Aim of the exercise —
Repeat every line of the listing below exactly, minus the pictures.

The data —
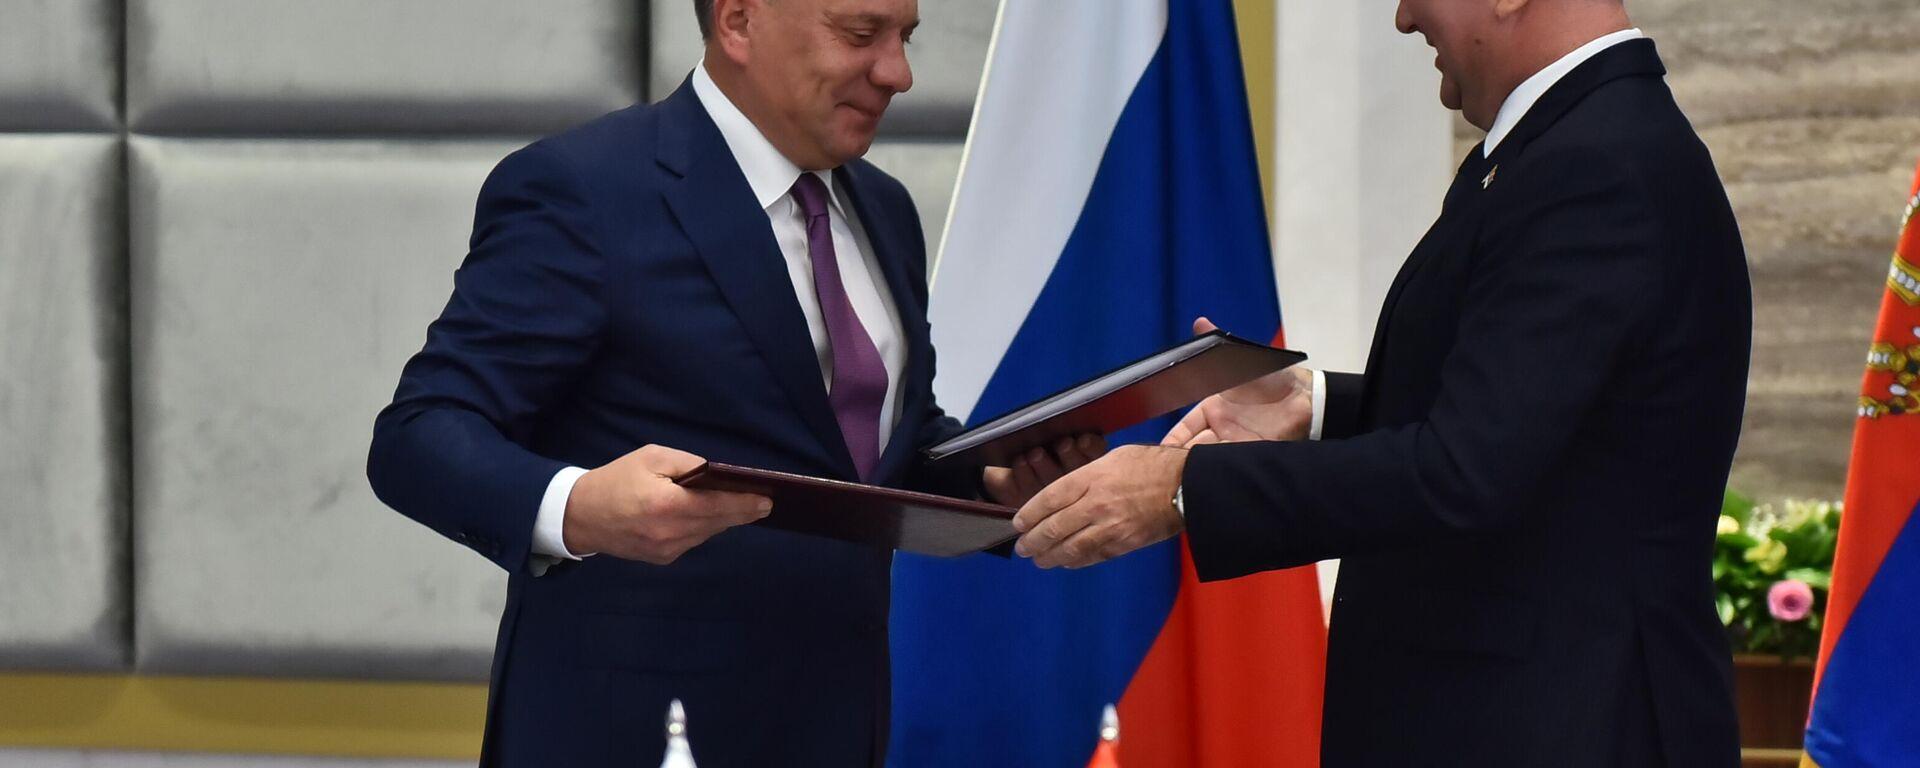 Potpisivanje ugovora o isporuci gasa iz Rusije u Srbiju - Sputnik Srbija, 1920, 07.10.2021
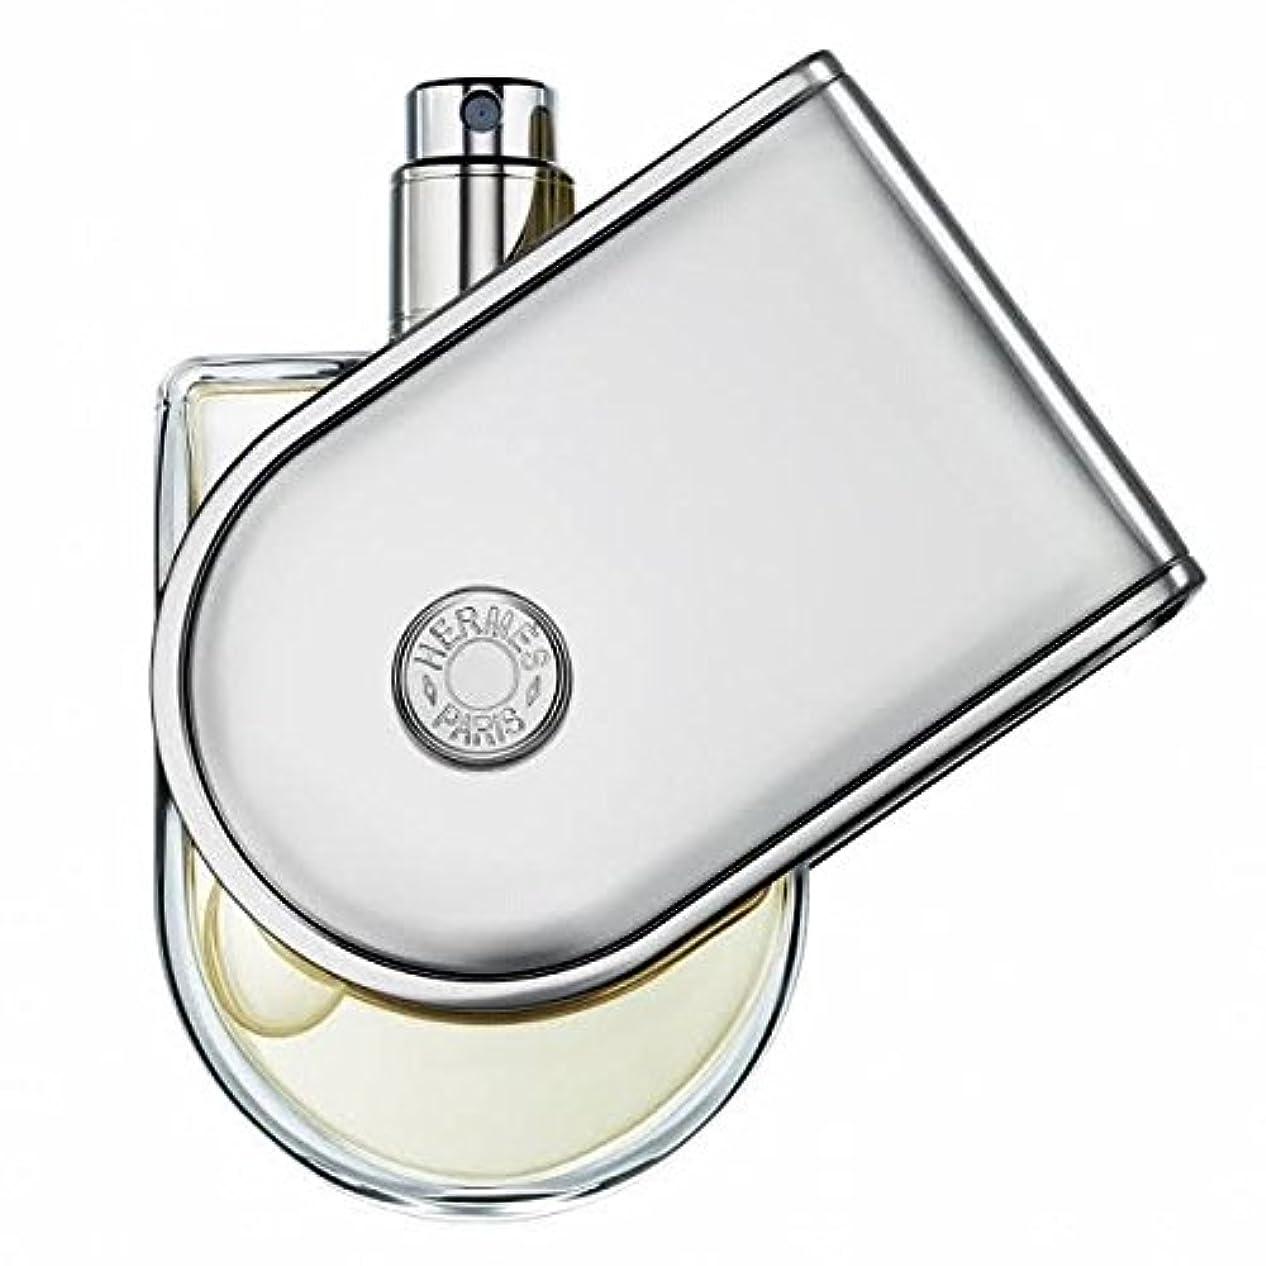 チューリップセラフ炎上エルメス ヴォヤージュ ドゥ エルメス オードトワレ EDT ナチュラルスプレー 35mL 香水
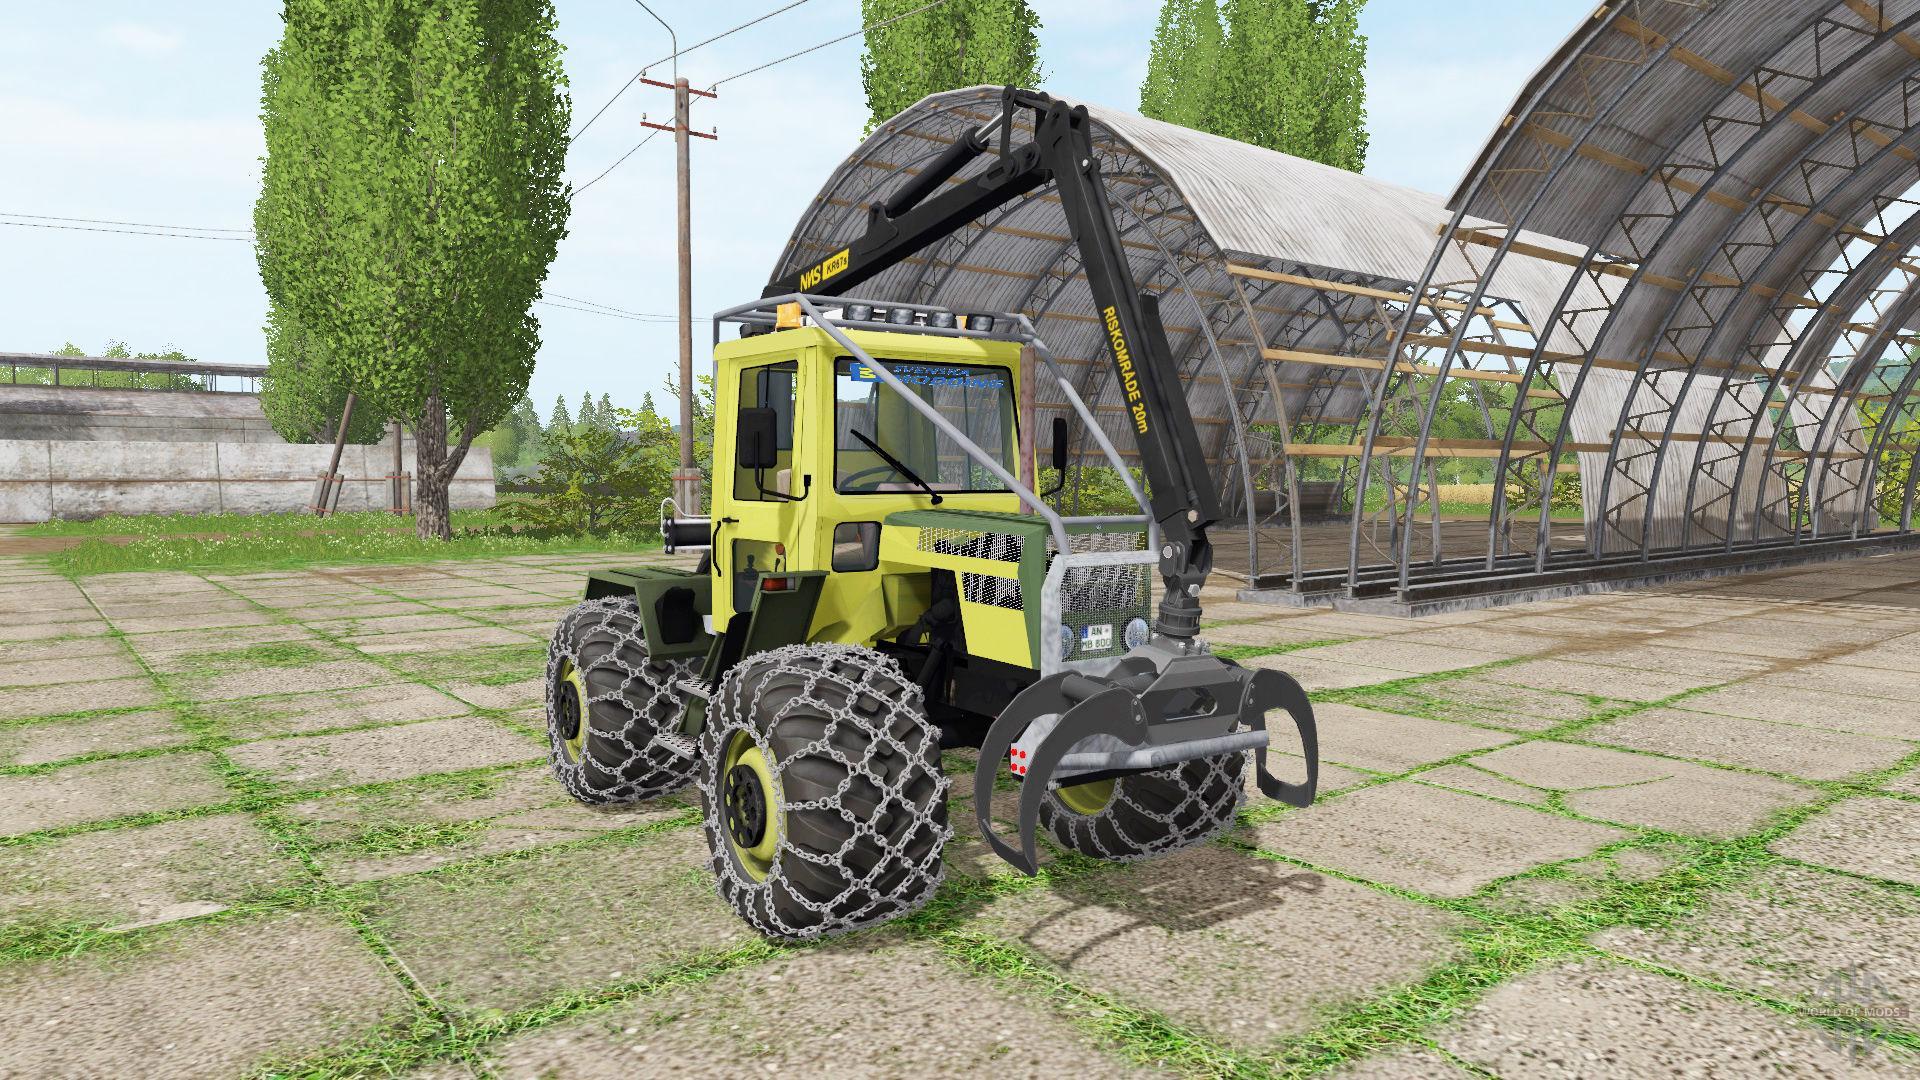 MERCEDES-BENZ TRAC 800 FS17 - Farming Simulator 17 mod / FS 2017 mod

Exercise result —
 Potpisivanje ugovora o isporuci gasa iz Rusije u Srbiju - Sputnik Srbija, 1920, 07.10.2021
 チューリップセラフ炎上エルメス ヴォヤージュ ドゥ エルメス オードトワレ EDT ナチュラルスプレー 35mL 香水
 MERCEDES-BENZ TRAC 800 FS17 - Farming Simulator 17 mod / FS 2017 mod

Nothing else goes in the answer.